認知症の方は情報処理に時間がかかるため、早口や急な指示は混乱の元です。ゆっくり、はっきり、穏やかに話しかけましょう。

尊厳を守る

「子ども扱い」や「命令口調」はNGです。相手は“できない人”ではなく、“助けが必要な人”です。対等な大人として接する姿勢が信頼を生みます。

認知症の方とのコミュニケーション方法【具体例】

声かけの工夫

名前を呼んでから話す 「〇〇さん、おはようございます」と最初に名前を呼ぶと、注意がこちらに向きやすくなります。
一文は短く・簡単に 「これからお風呂に行きますよ」「靴を履いてくださいね」など、1回の会話で伝える情報は1つに絞るのがポイントです。
選択肢を与える 「今からお茶を飲みますか?それともお水がいいですか?」と2択にすると、相手の主体性も尊重できます。

表情・ジェスチャーの活用

言葉だけでなく、表情や身振り手振りも大きな助けになります。にこやかな表情やうなずきは安心感を与え、「伝えようとする意志」が伝わります。

過去の記憶に寄り添う

認知症の方は、新しい記憶はすぐに忘れてしまっても、昔の記憶は比較的保たれていることがあります。

  • 昔の仕事、家族構成、趣味などの話題に触れる
  • 昭和の歌謡曲、写真、風景などを通して共感する

「昔話」は、本人に安心感や誇りを取り戻させ、心の安定につながります。

状況別コミュニケーションの注意点

不安や怒りが強いとき

急に怒り出したり、不安そうにしていたりする場合は、「言葉の意味」よりも「感情」を読み取ることが重要です。

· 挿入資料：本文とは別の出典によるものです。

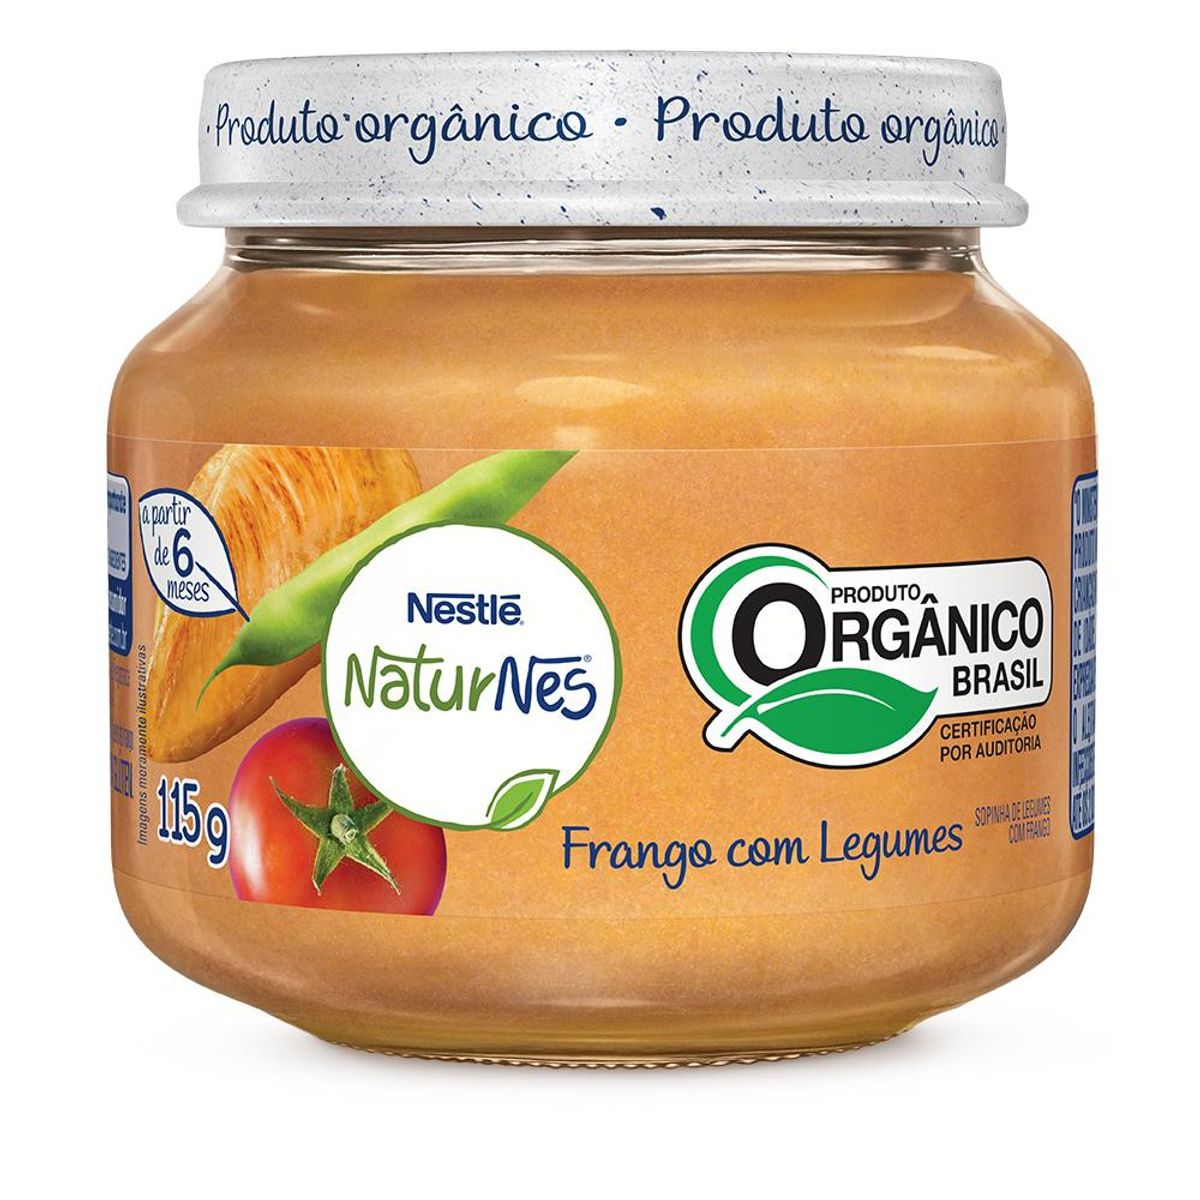 Papinha Orgânica Nestlé Naturnes Frango com Legumes 115g

  • 「怖かったですね」「不安だったんですね」と気持ちを代弁する
  • 手を握る、そばにいるなど非言語的な安心感を与える

同じことを何度も言うとき

同じ質問を繰り返すのは、本人が不安な証拠です。たとえ何度目でも、毎回丁寧に答えましょう。「そのことが気がかりなんだね」と理解を示すと安心されます。

幻覚や妄想に対して

「誰かが部屋にいる」「お金を盗られた」などの発言に、無理に否定するとかえって疑念が深まることがあります。

  • まずは「それは怖かったですね」と共感を示す
  • 必要であれば場面をそらしたり、話題を変える

家族・介護者が心がけたいこと

無理をしない

認知症の方との対応は、根気が必要で、心が折れそうになることもあります。完璧な対応は誰にもできません。「できることだけやる」意識で十分です。

周囲と相談する

介護者が1人で抱え込まず、ケアマネジャーや地域包括支援センターなどの専門機関と連携しましょう。第三者の視点が、新たな対応策を見つけてくれることがあります。

本人の「得意」を活かす

まだできること、楽しめることに目を向け、本人の生活意欲や誇りを大切にしましょう。料理、編み物、掃除など、役割を持つことで自信を保つことができます。

ケアの質を高めるために ~ユマニチュードという考え方~

近年、認知症ケアの現場で注目されているのがユマニチュードというフランス発のケア技法です。

ユマニチュードの基本は「見る」「話す」「触れる」「立つ」の4つを柱に、「あなたを大切に思っています」というメッセージを伝えることにあります。

  • 正面から目を合わせて、やさしいまなざしで見る
  • 温かい言葉で、本人の存在を認める
  • 肩や手にそっと触れ、安心感を伝える

これにより、認知症の方の不安が軽減し、穏やかな表情を取り戻すケースも多く報告されています。

認知症の方とのコミュニケーションには、技術以上に「心のあり方」が求められます。否定しない、急かさない、敬意をもって接する――それだけで、相手の表情や態度が変わることがあります。

そして何より大切なのは、「理解したい」という気持ちを持ち続けること。言葉が通じなくても、心はつながる。そんな関係づくりの第一歩を、今日から始めてみませんか。